I have a dictionary dictData that has been created from 3 columns (0, 3 and 4) of a csv file where each key is a datetime object and each value is a list, containing two numbers (let's call them a and b, so the list is [a,b]) stored as strings:

import csv
import datetime as dt
with open(fileInput,'r') as inFile:
        csv_in = csv.reader(inFile)    
        dictData = {(dt.datetime.strptime(rows[0],'%d/%m/%Y %H:%M')):[rows[3],rows[4]] for rows in csv_in}

I want to do two things: Firstly, i want to sum each of the values in the list(i.e sum all the a values, then sum all the b values) for the whole dictionary.

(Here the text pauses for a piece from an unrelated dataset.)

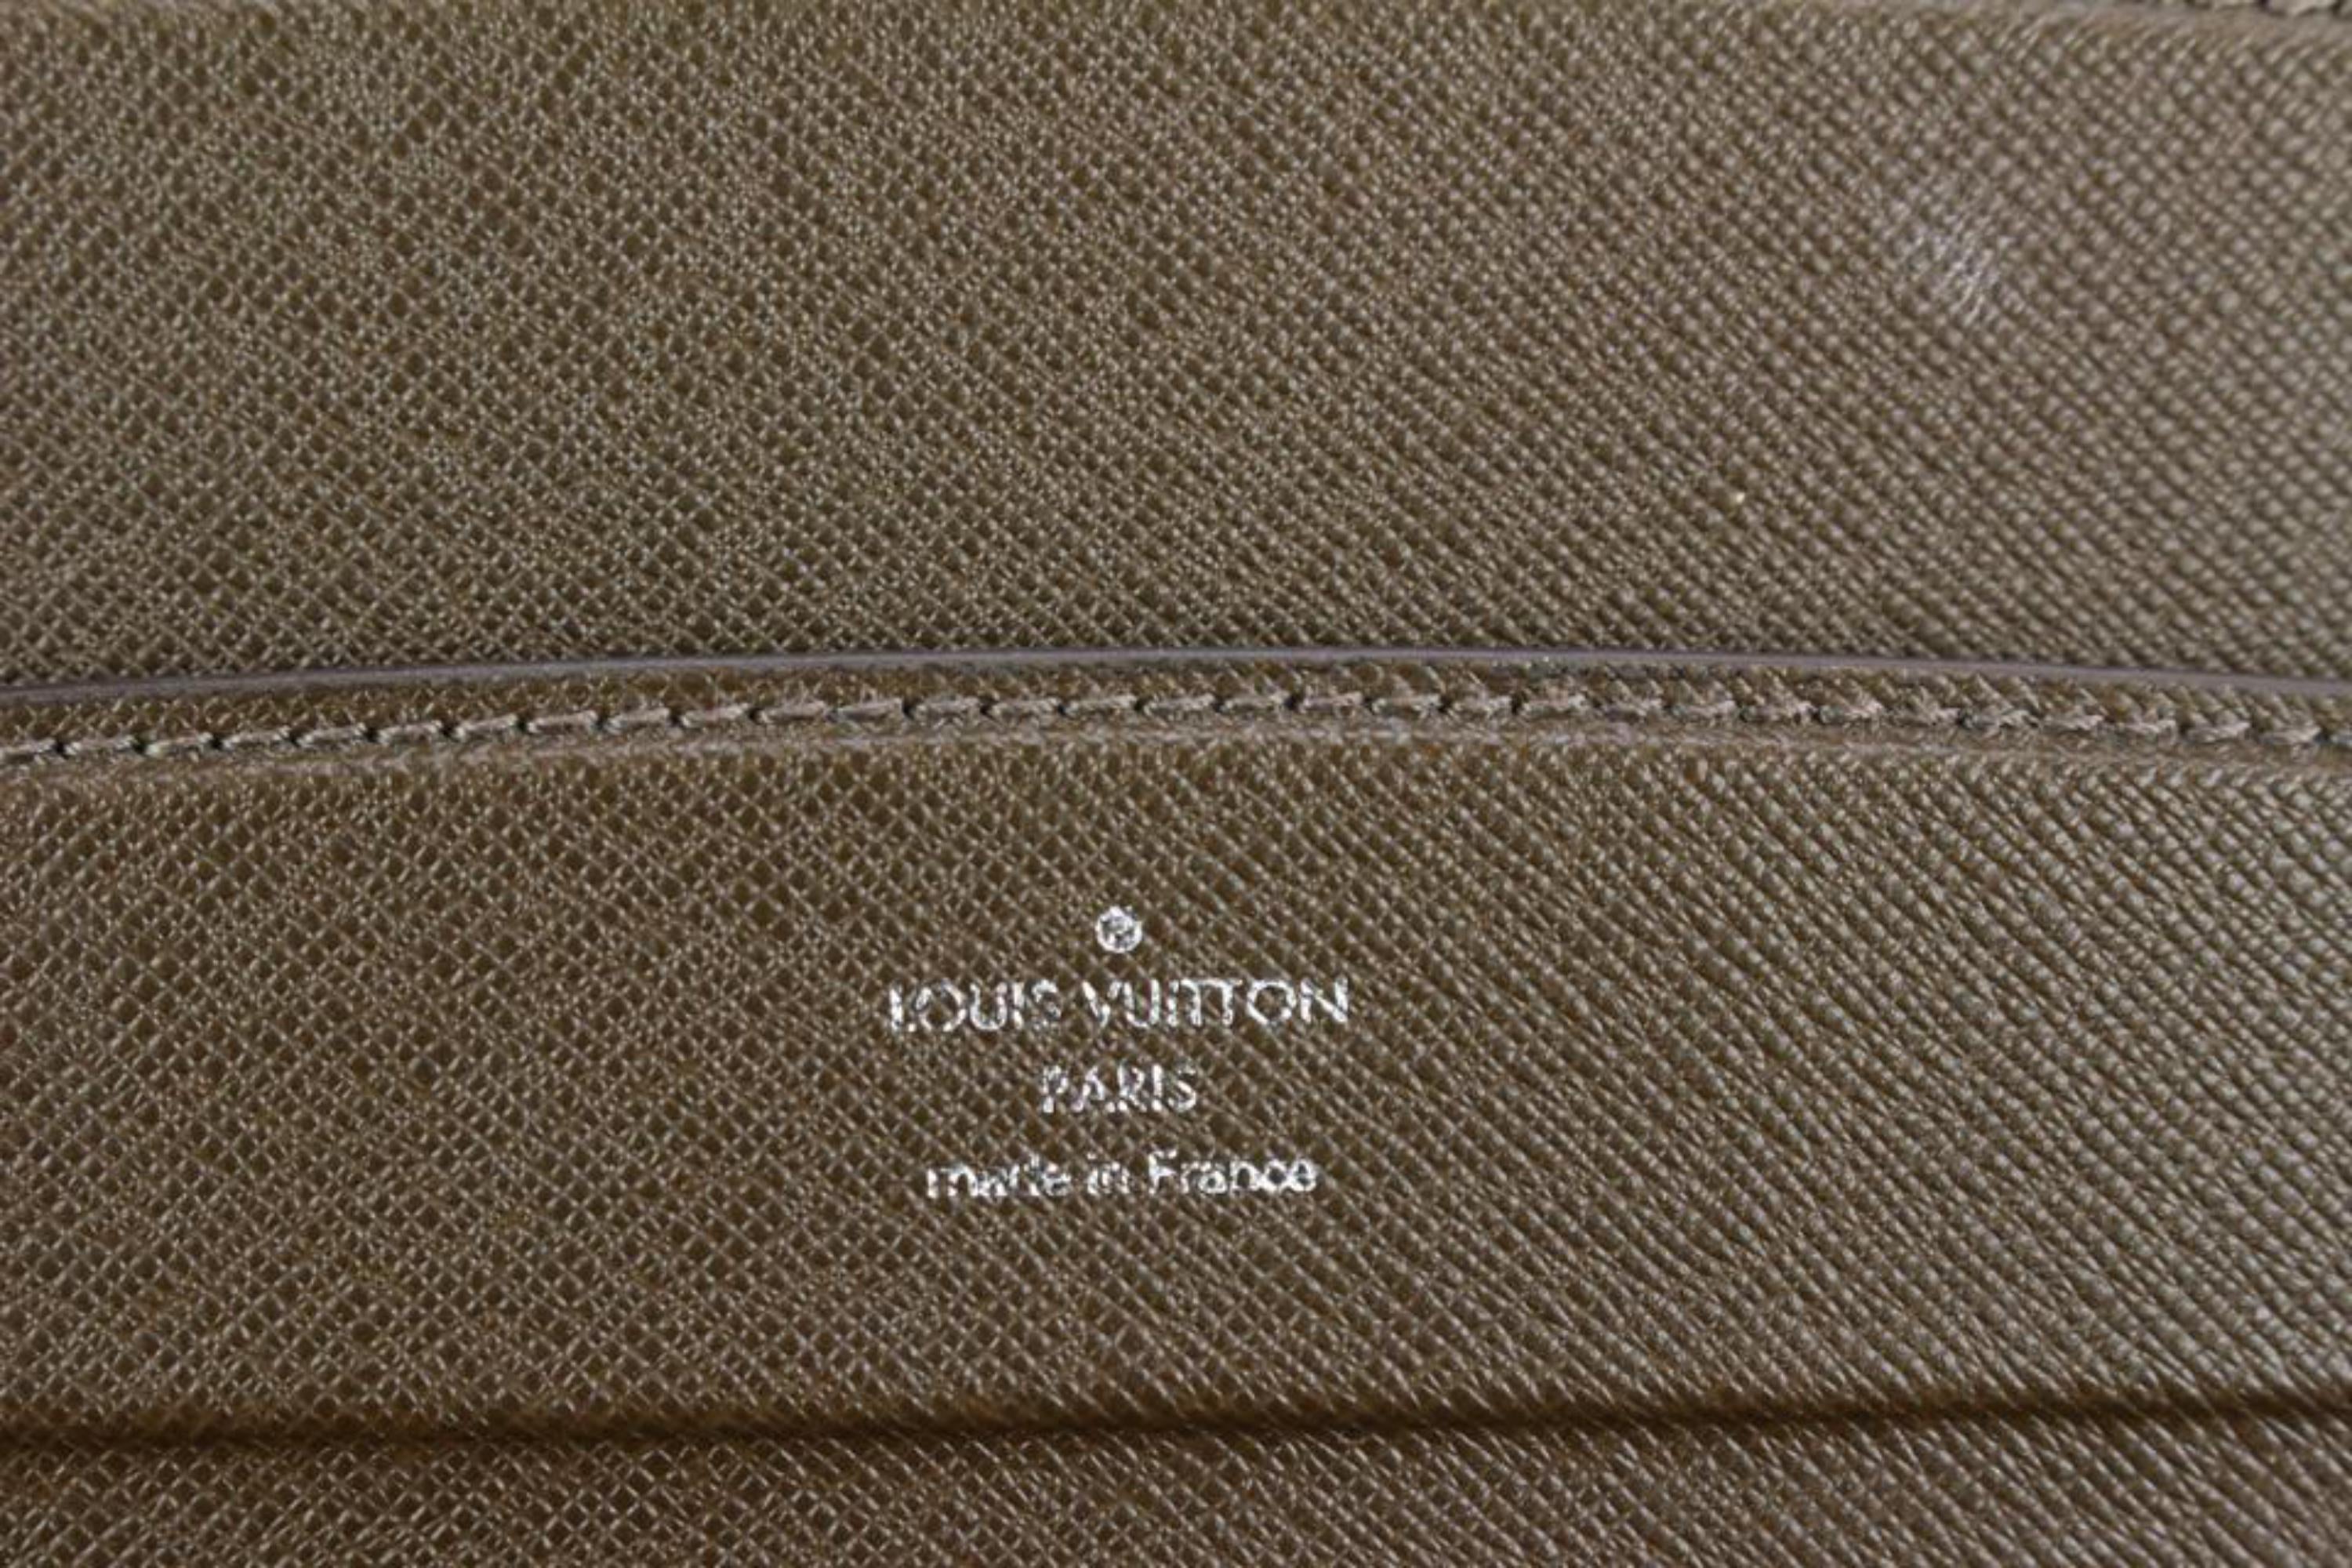 Louis Vuitton LV Taiga Maroon Leather President Classeur Attache Briefcase  Bag

If it was a dictionary of single values, I would do something like this:

total = sum((float(x) for x in dictData.values()))

1. How do I change this so that .values identifies the first (or second) item in the list? (i.e. the a or b values)

2. I want to count all the zero values for the first item in the list.

Answer 1

Setup

dictData = {'2010': ['1', '2'],
            '2011': ['4', '3'],
            '2012': ['0', '45'],
            '2013': ['8', '7'],
            '2014': ['9', '0'],
            '2015': ['22', '1'],
            '2016': ['3', '4'],
            '2017': ['0', '5'],
            '2018': ['7', '8'],
            '2019': ['0', '9'],
           }

print 'sum of 1st items = %d' % sum([float(v[0]) for v in dictData.values()])
print 'sum of 2nd items = %d' % sum([float(v[1]) for v in dictData.values()])
print 'count of zeros   = %d' % sum([(float(v[0]) == 0) for v in dictData.values()])


sum of 1st items = 54
sum of 2nd items = 84
count of zeros   = 3